-- Opening Marker --
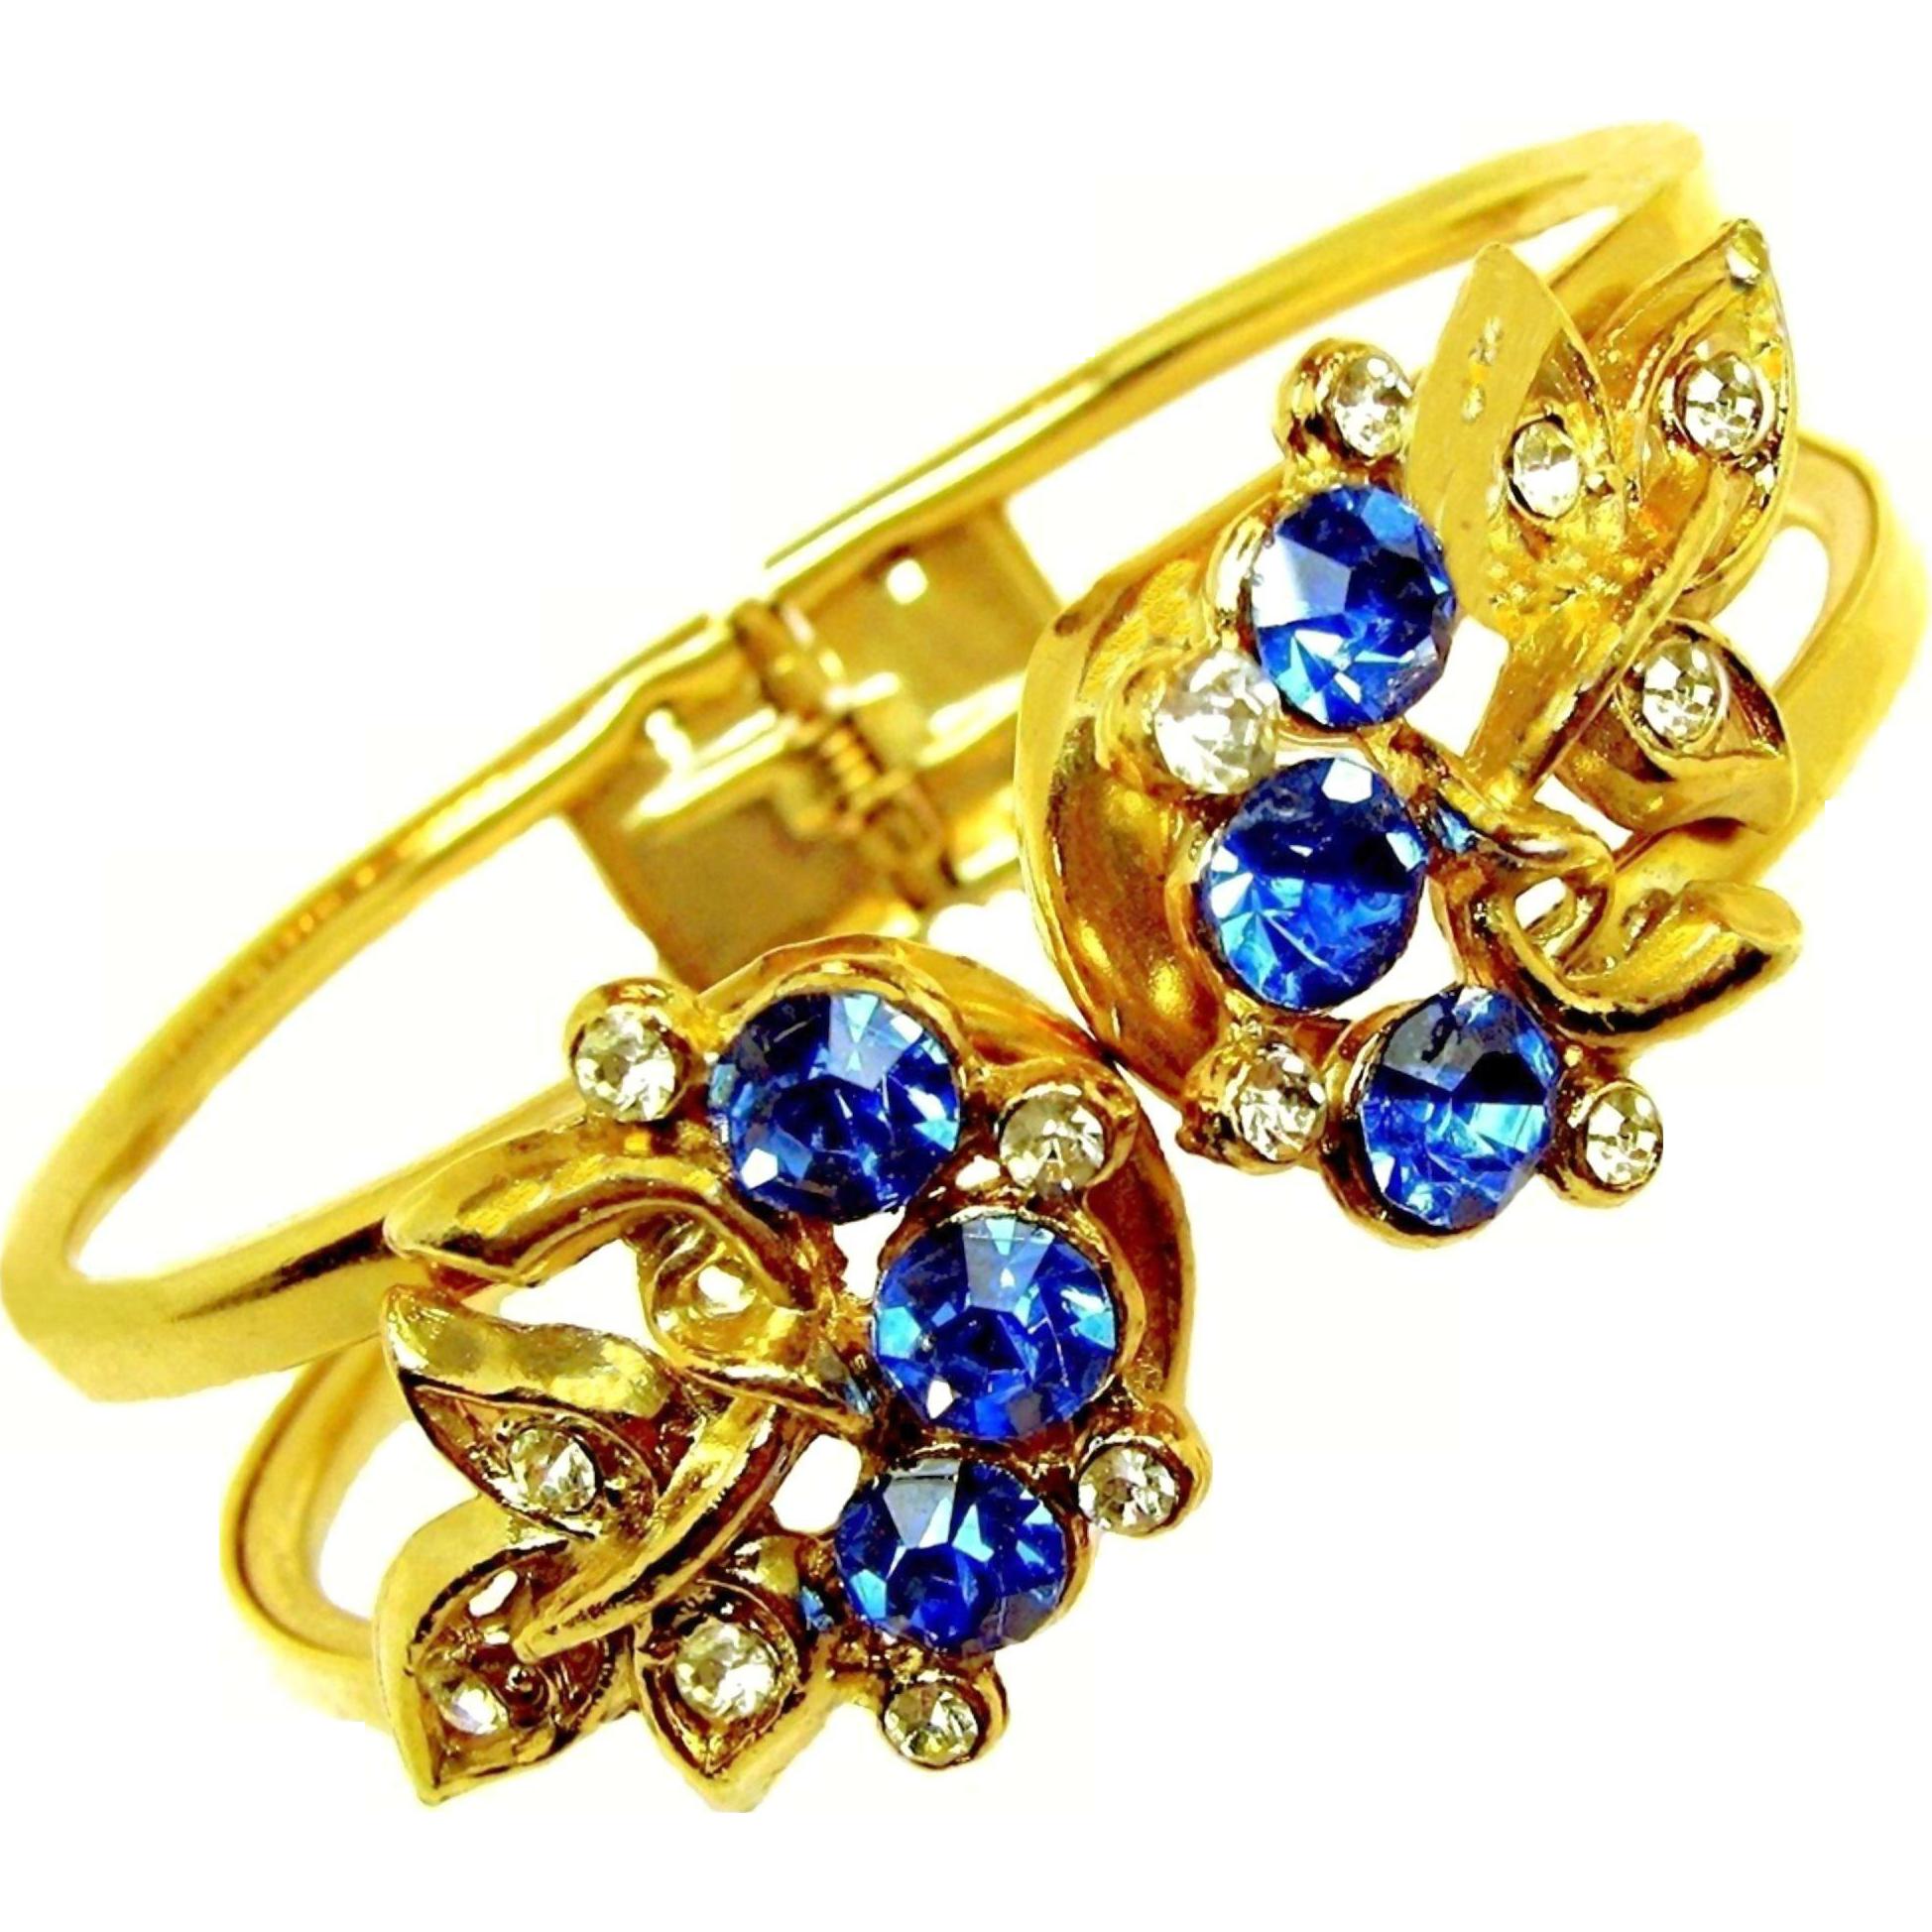 Vintage Rhinestone Mid-Century Floral Clamper Bracelet
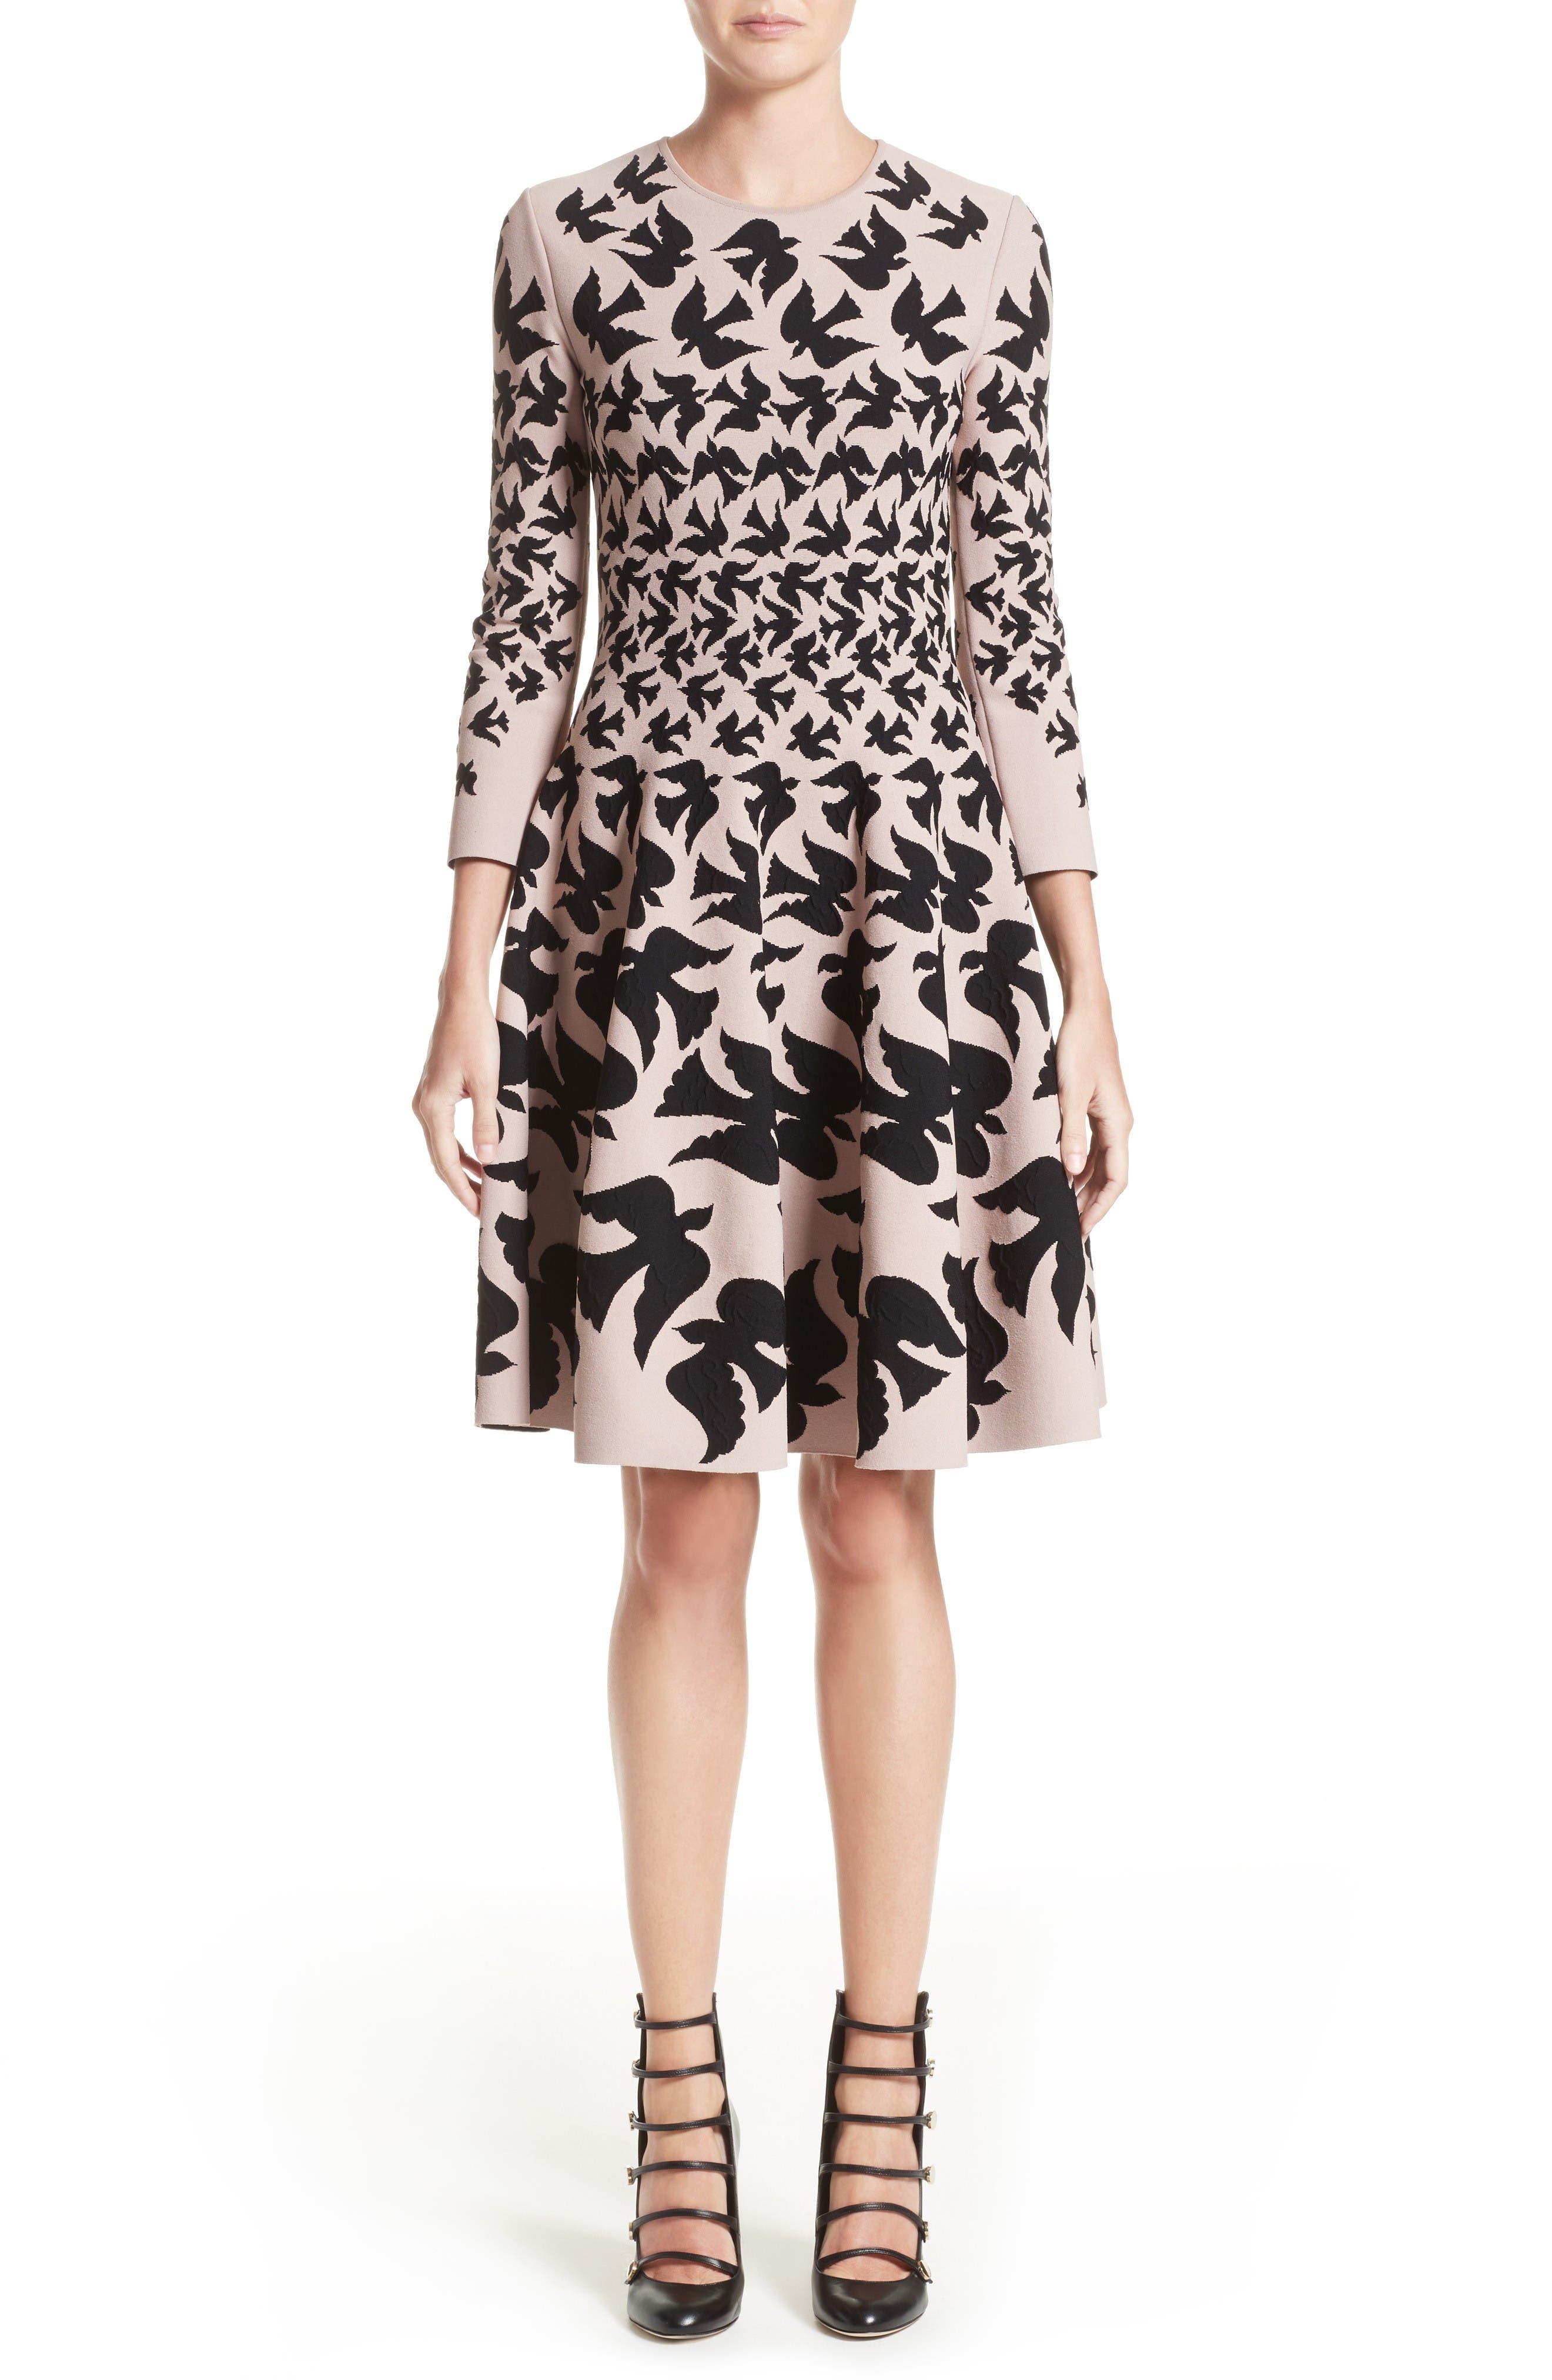 Alternate Image 1 Selected - Alexander McQueen Swallow Jacquard Dress
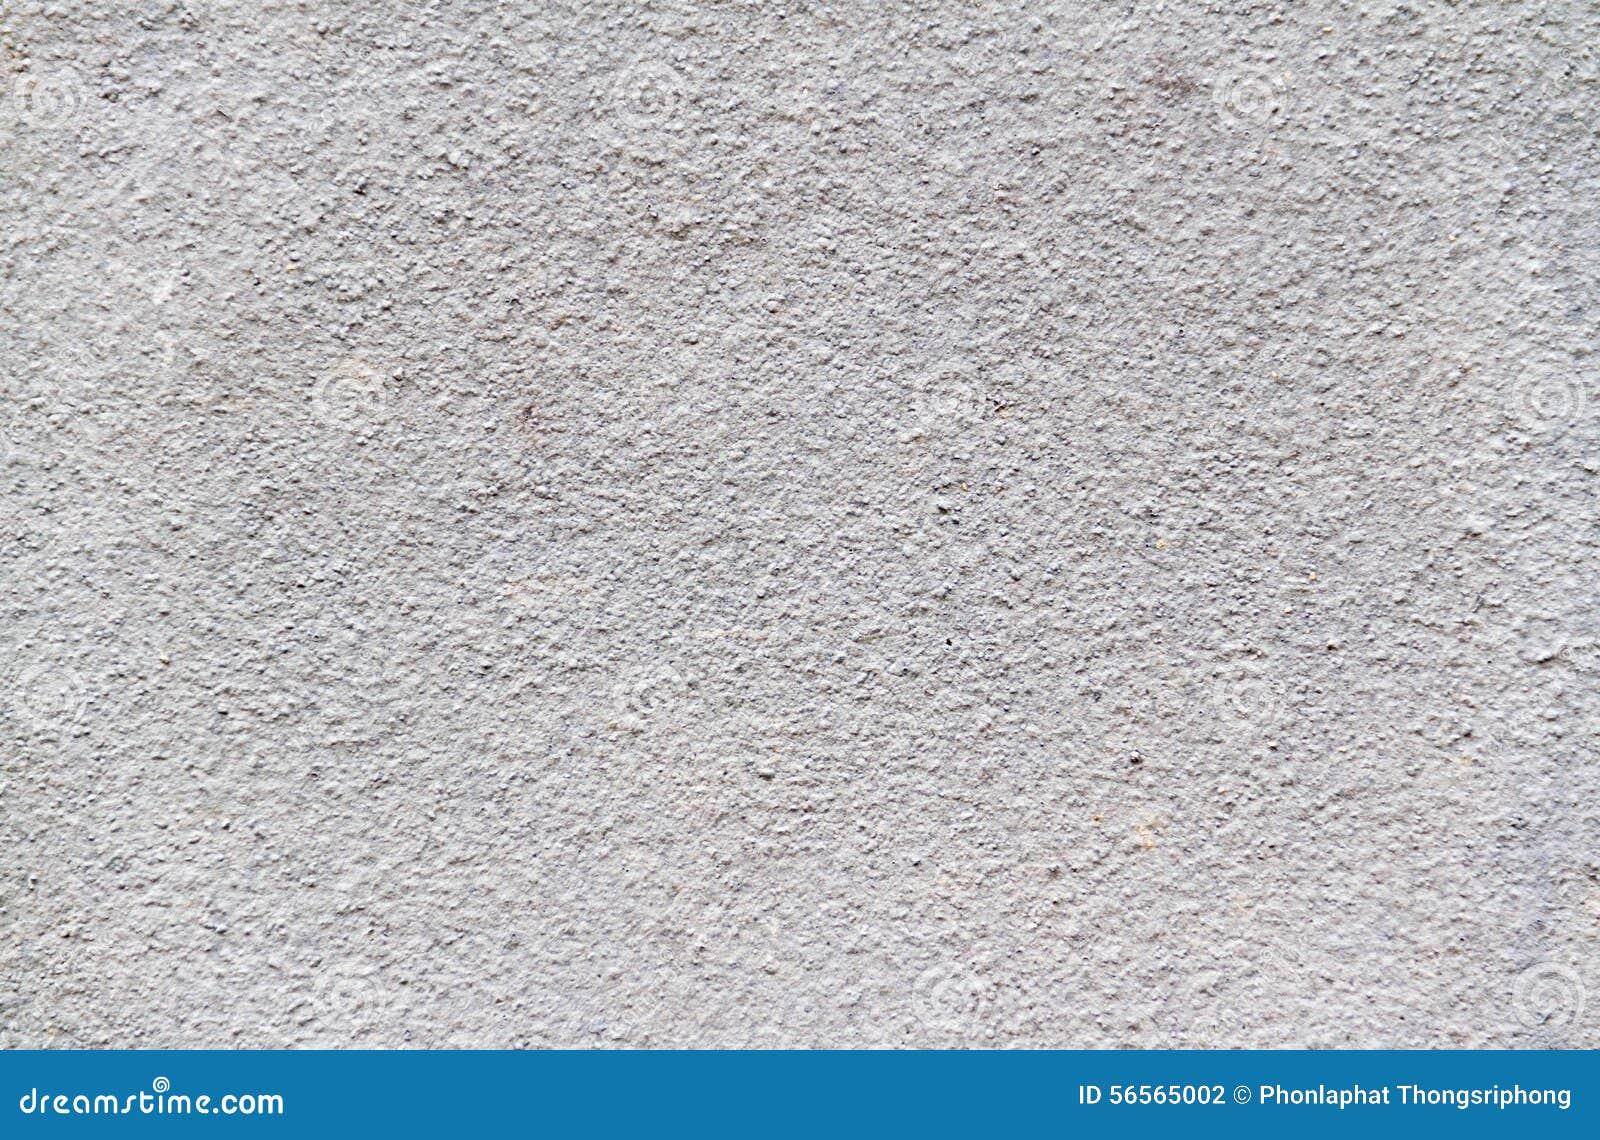 Download σύσταση πετρών βράχου βρύου Στοκ Εικόνες - εικόνα από μάρμαρο, μακροεντολή: 56565002
-- Closing Marker --
• Requirement: The copy must begin with the line containing "Alternate Image 1", end with the last line of the material, match each line exactly, and hold no pictures.

• Your response:
 Alternate Image 1 Selected - Alexander McQueen Swallow Jacquard Dress
 Download σύσταση πετρών βράχου βρύου Στοκ Εικόνες - εικόνα από μάρμαρο, μακροεντολή: 56565002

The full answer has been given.